Strings in coordinates may be truncated when saving concatenated rasters to zarr

ikding commented 1 month ago

What happened?

I would like to concatenate two dataarrays or two datasets, save them to zarr, read them into xarray again at a later time, and have all the coordinates intact.

However, if I concatenate two dataarrays or datasets along a string-based coordinate, if the first dataarray in the concatenation has a coordinate with shorter maximum string length than the second dataarray, saving the concatenated dataset to zarr can truncate the string.

This problem only arises when:

First dataarray's string coordinate has an encoding["dtype"] attribute
First dataarray's string coordinate length is shorter than the second dataarray's.

What did you expect to happen?

I expect the xarray dataset that was read from the zarr to have the string coordinate the same as the input dataset that I wrote in, with no truncation.

Minimal Complete Verifiable Example

import logging
import tempfile
from pathlib import Path

import dask.array as da
import numpy as np
import xarray as xr

logger = logging.getLogger(__name__)

def mb_raster_with_custom_band_names(bands: list[str]) -> xr.DataArray:
    """
    Generates a multi-band raster with custom band names.

    This function creates a multi-band raster with a specified list of band names. The raster is generated with random
    data and has a shape of (len(bands), 100, 100). The raster is assigned the EPSG:32733 coordinate reference system.

    :param bands: A list of strings specifying the band names for the raster.
    :return: A multi-band raster with custom band names as an xarray DataArray.
    """
    n_x = 100
    n_y = 100

    data_with_custom_band_names = xr.DataArray(
        (da.random.random_sample(size=(len(bands), n_x, n_y)) * 255).astype("float32"),
        coords={"band": bands, "y": np.arange(n_y), "x": np.arange(n_x)},
    )
    return data_with_custom_band_names

def zarr_round_trip(raster: xr.DataArray | xr.Dataset) -> xr.DataArray:
    """Simple function to test the round trip of a raster to zarr and back."""
    with tempfile.TemporaryDirectory() as tmpdirname:
        tmp_zarr_path = Path(tmpdirname) / "tmp_zarr.zarr"
        raster.to_zarr(tmp_zarr_path, mode="w")

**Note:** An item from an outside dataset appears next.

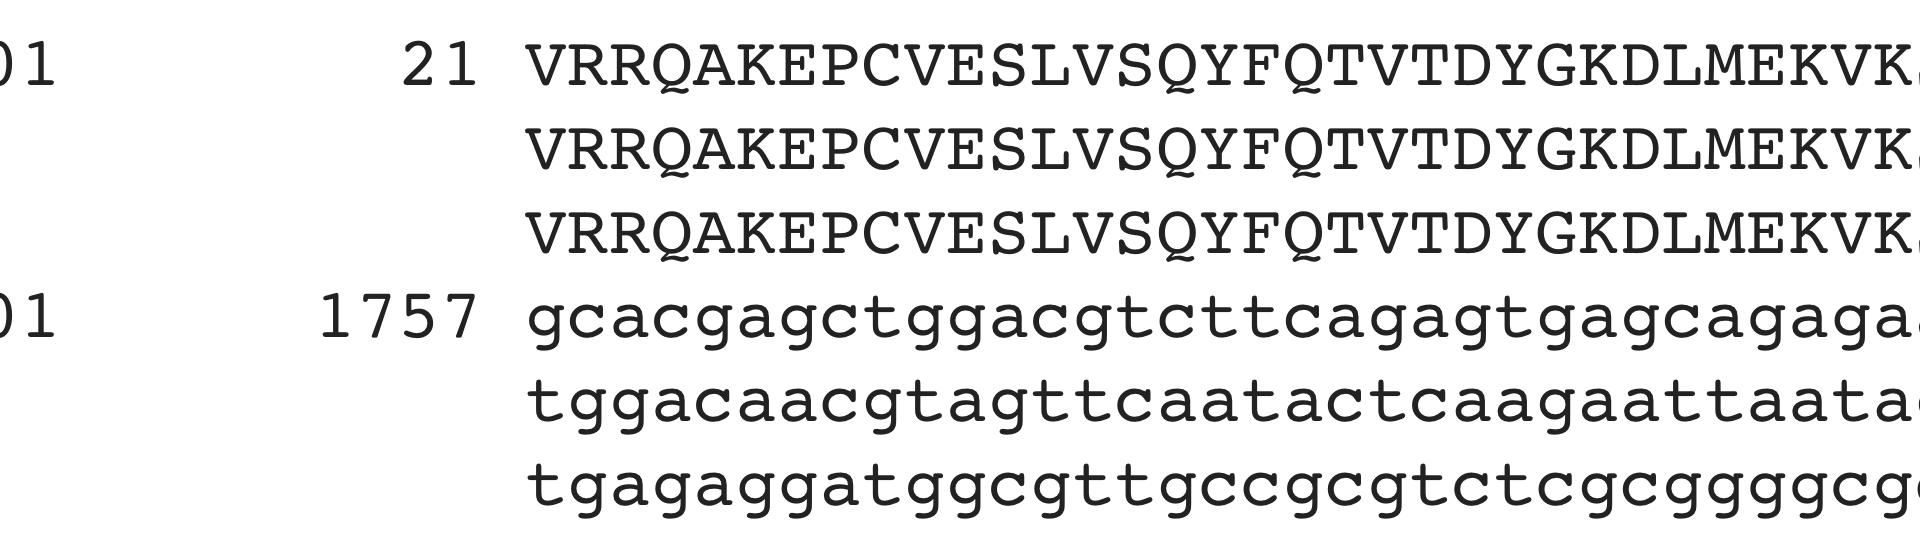 DNA Analysis--Genome Analysis (3).png

        round_trip_raster = xr.open_dataset(tmp_zarr_path, engine="zarr")

    return round_trip_raster

if __name__ == "__main__":
    logging.basicConfig(level=logging.INFO)

    # Make a multi-band raster with short band names.
    rgb_raster = mb_raster_with_custom_band_names(["blue", "green", "red"])
    # Force the band encoding dtype to be equal to the band value dtype. This is what was triggering the band name
    # truncation issue when saving to zarr.
    rgb_raster.band.encoding["dtype"] = rgb_raster.band.dtype

    # Make another multi-band raster with long band names.
    long_rgb_raster = mb_raster_with_custom_band_names(["the_sky_is_blue", "the_grass_is_green", "the_rose_is_red"])
    long_rgb_raster.band.encoding["dtype"] = long_rgb_raster.band.dtype

    # concat two rasters with xr_concat (short band name raster first)
    concat_raster_short_first = xr.concat([rgb_raster, long_rgb_raster], dim="band")

    logger.info(f"{concat_raster_short_first.band.values=}")
    # array(['blue', 'green', 'red', 'the_sky_is_blue', 'the_grass_is_green', 'the_rose_is_red'], dtype='<U18')

    logger.info(f"{concat_raster_short_first.band.dtype=}")
    # dtype('<U18')

    logger.info(f"{concat_raster_short_first.band.encoding['dtype']=}")
    # dtype('<U5')

    concat_raster_short_first_reread = zarr_round_trip(concat_raster_short_first)
    logger.info(f"{concat_raster_short_first_reread.band.values=}")
    # array(['blue', 'green', 'red', 'the_s', 'the_g', 'the_r'], dtype='<U5')

    logger.info(f"{concat_raster_short_first_reread.band.dtype=}")
    # dtype('<U5')

    logger.info(f"{concat_raster_short_first_reread.band.encoding['dtype']=}")
    # dtype('<U5')

MVCE confirmation

[X] Minimal example — the example is as focused as reasonably possible to demonstrate the underlying issue in xarray.
[X] Complete example — the example is self-contained, including all data and the text of any traceback.
[X] Verifiable example — the example copy & pastes into an IPython prompt or Binder notebook, returning the result.
[X] New issue — a search of GitHub Issues suggests this is not a duplicate.
[X] Recent environment — the issue occurs with the latest version of xarray and its dependencies.

Relevant log output

INFO:__main__:concat_raster_short_first.band.values=array(['blue', 'green', 'red', 'the_sky_is_blue', 'the_grass_is_green',
       'the_rose_is_red'], dtype='<U18')
INFO:__main__:concat_raster_short_first.band.dtype=dtype('<U18')
INFO:__main__:concat_raster_short_first.band.encoding['dtype']=dtype('<U5')
INFO:__main__:concat_raster_short_first_reread.band.values=array(['blue', 'green', 'red', 'the_s', 'the_g', 'the_r'], dtype='<U5')
INFO:__main__:concat_raster_short_first_reread.band.dtype=dtype('<U5')
INFO:__main__:concat_raster_short_first_reread.band.encoding['dtype']=dtype('<U5')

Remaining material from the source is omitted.